Wenn es zu Missbrauch kommt – emotionaler oder sogar sexueller Grenzüberschreitung – rücken meist die Täter in den Blick. Das ist kein Zeichen mangelnder Empathie, sondern ein verständlicher Reflex: Menschen wollen wissen, warum in ihrer Mitte Schlimmes geschieht. Sie wollen begreifen, um verhindern zu können. Außerdem empfinden viele intuitiv, dass die Betroffenen Schutz benötigen. Doch führt die notwendige Zurückhaltung eben auch dazu, dass die Opferperspektive in öffentlichen Debatten zu kurz kommt. Dass nicht gefragt wird, welche Folgen emotionale Ausbeutung und tiefer Vertrauensverlust nach sich ziehen können. Und wie den Betroffenen zu helfen wäre.
„Missbrauch ist ein Machtgeschehen“, sagt Barbara Haslbeck, die sich seit Jahren mit Missbrauchsfällen in der katholischen Kirche beschäftigt, viele Betroffene begleitet hat und im Bistum München-Freising in der Weiterbildung von Seelsorgern arbeitet. Gerade Jugendliche seien gefährdet, von Erwachsenen in ein Abhängigkeitsverhältnis gedrängt zu werden. Wenn sie dann irgendwann spürten, dass die Beziehung zu einem Menschen, der ihnen ein Vorbild war, nicht mehr stimmt, dass sie instrumentalisiert werden, stürze sie das in Gefühle von Verwirrung und Scham. „Wenn sich ein Jugendlicher dann etwa seinen Eltern anvertraut, ist es entscheidend, dass sie die Empfindungen ihres Kindes ernstnehmen, nicht abwiegeln, nichts peinlich nennen, sondern sich hinter den Jugendlichen stellen“, sagt Haslbeck. Erst wenn Betroffene das Gefühl zurückgewinnen, dass sie selbst steuern können, was geschieht, dass sie die Deutungshoheit zurückbekommen, können sie beginnen, ihre Erfahrungen zu bearbeiten.

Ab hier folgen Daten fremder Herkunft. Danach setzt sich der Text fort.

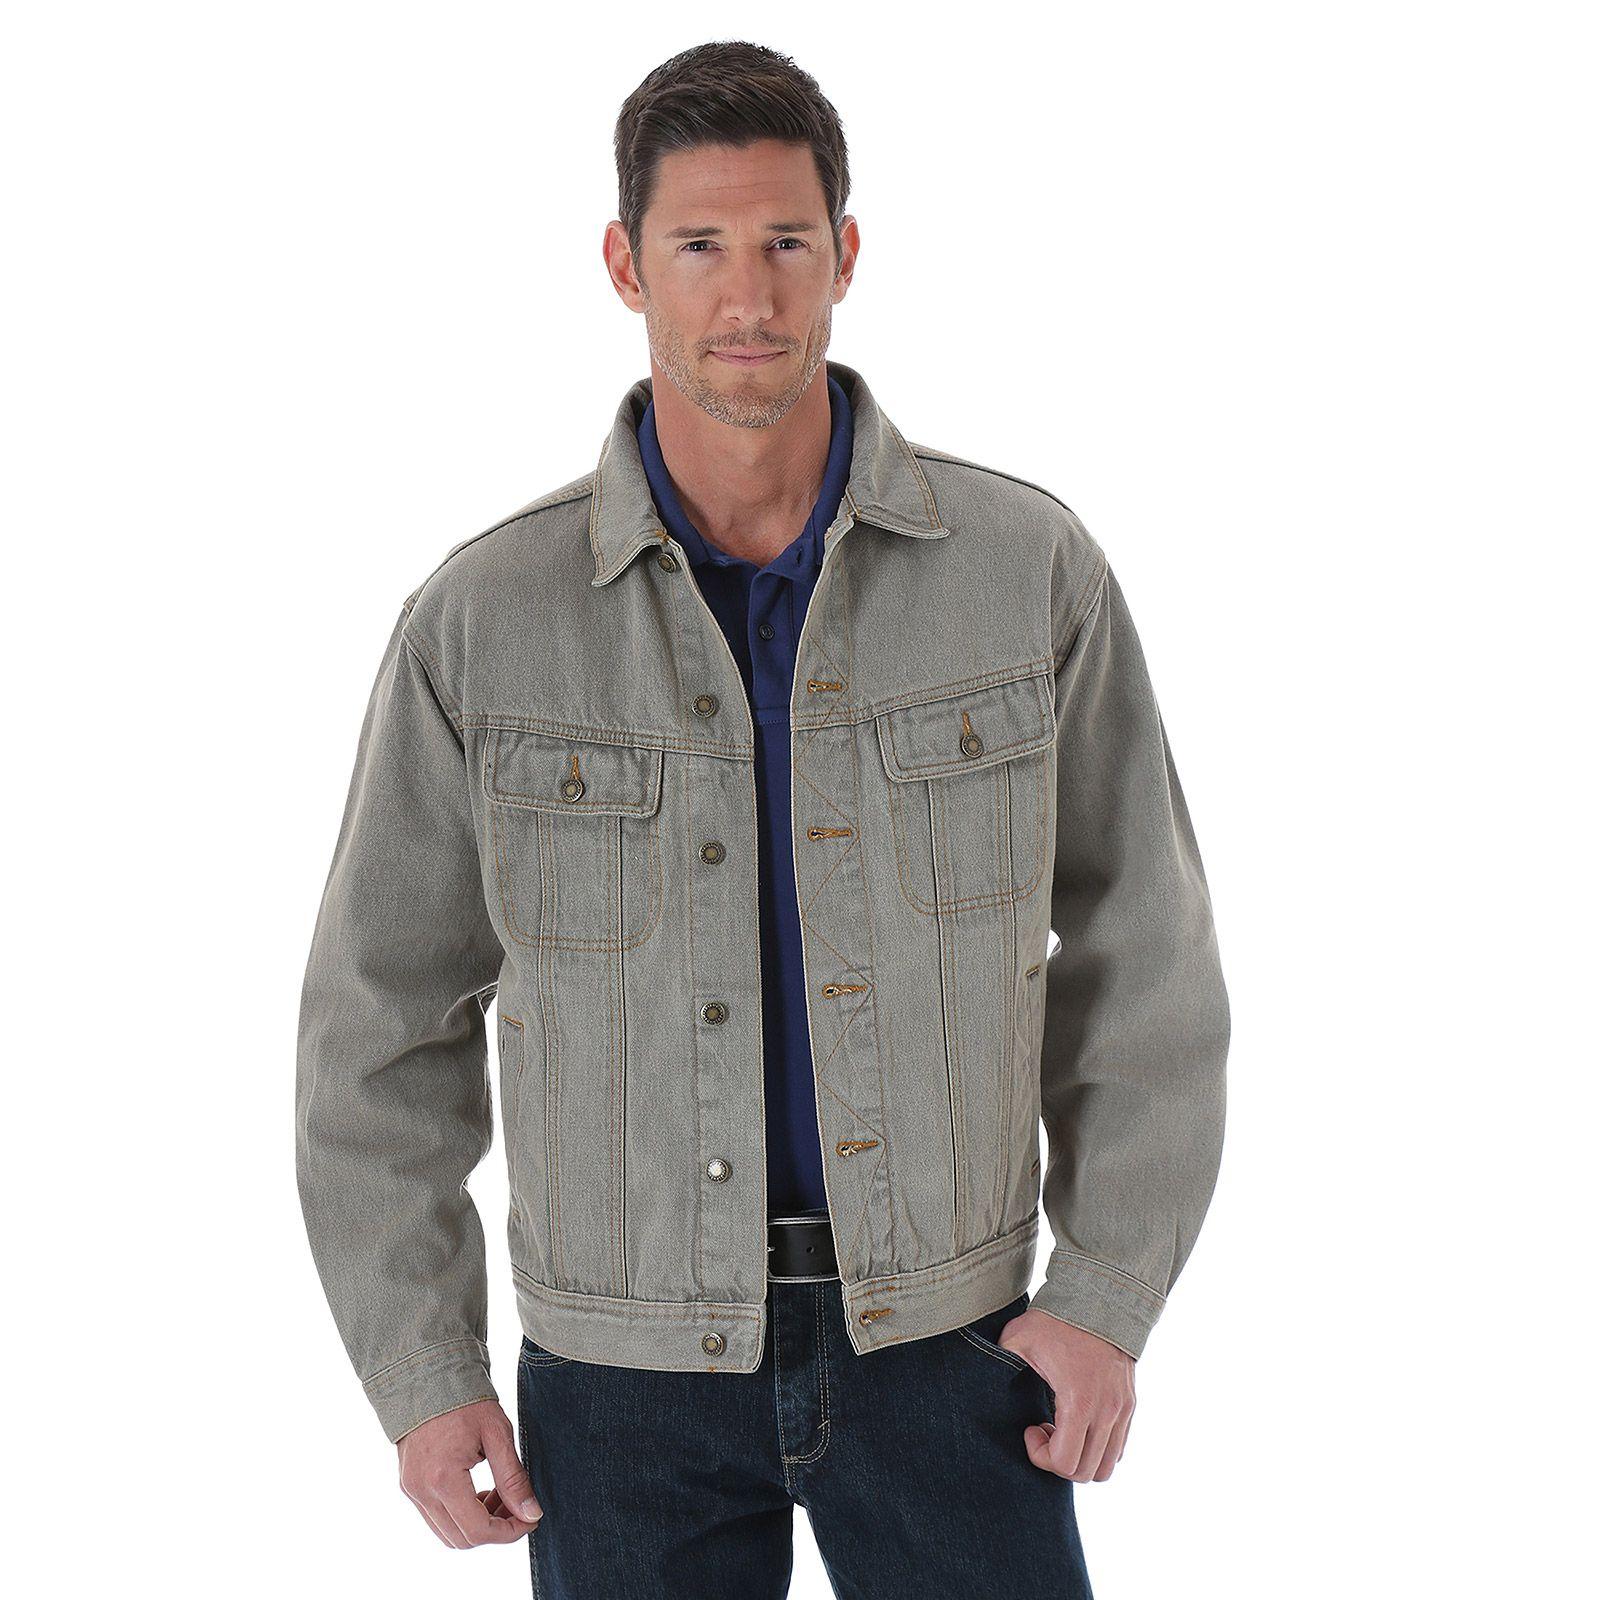 Wrangler Moss Denim Jacket Denim Jacket Men Denim Jacket Hipster Mens Fashion [ 1600 x 1600 Pixel ]

Auch im weiteren Umfeld, etwa in einer Gemeinde oder einem Sportverein, ist Solidarität mit den Betroffenen von enormer Bedeutung. Tatsächlich sind sie aber oft genug mit Teilnahmslosigkeit konfrontiert oder werden gar als Nestbeschmutzer behandelt. „Es gibt viele Klischees über Missbrauchsopfer“, sagt Haslbeck, „meist gelten sie als total zerstört. Treten sie dann aber in die Öffentlichkeit und berichten souverän, was ihnen widerfahren ist, unterstellt man ihnen, dass sie nicht wirklich Opfer seien oder sich nur rächen wollten.“Darum sei es so wichtig, dass auch die betroffenen Institutionen mit Missbrauchsfällen offen umgingen, nach Fehlern im System suchten und die Opfer nicht zu Ausnahmephänomenen erklärten. Denn das mache sie zu Sonderlingen und kapsele sie zusätzlich ab.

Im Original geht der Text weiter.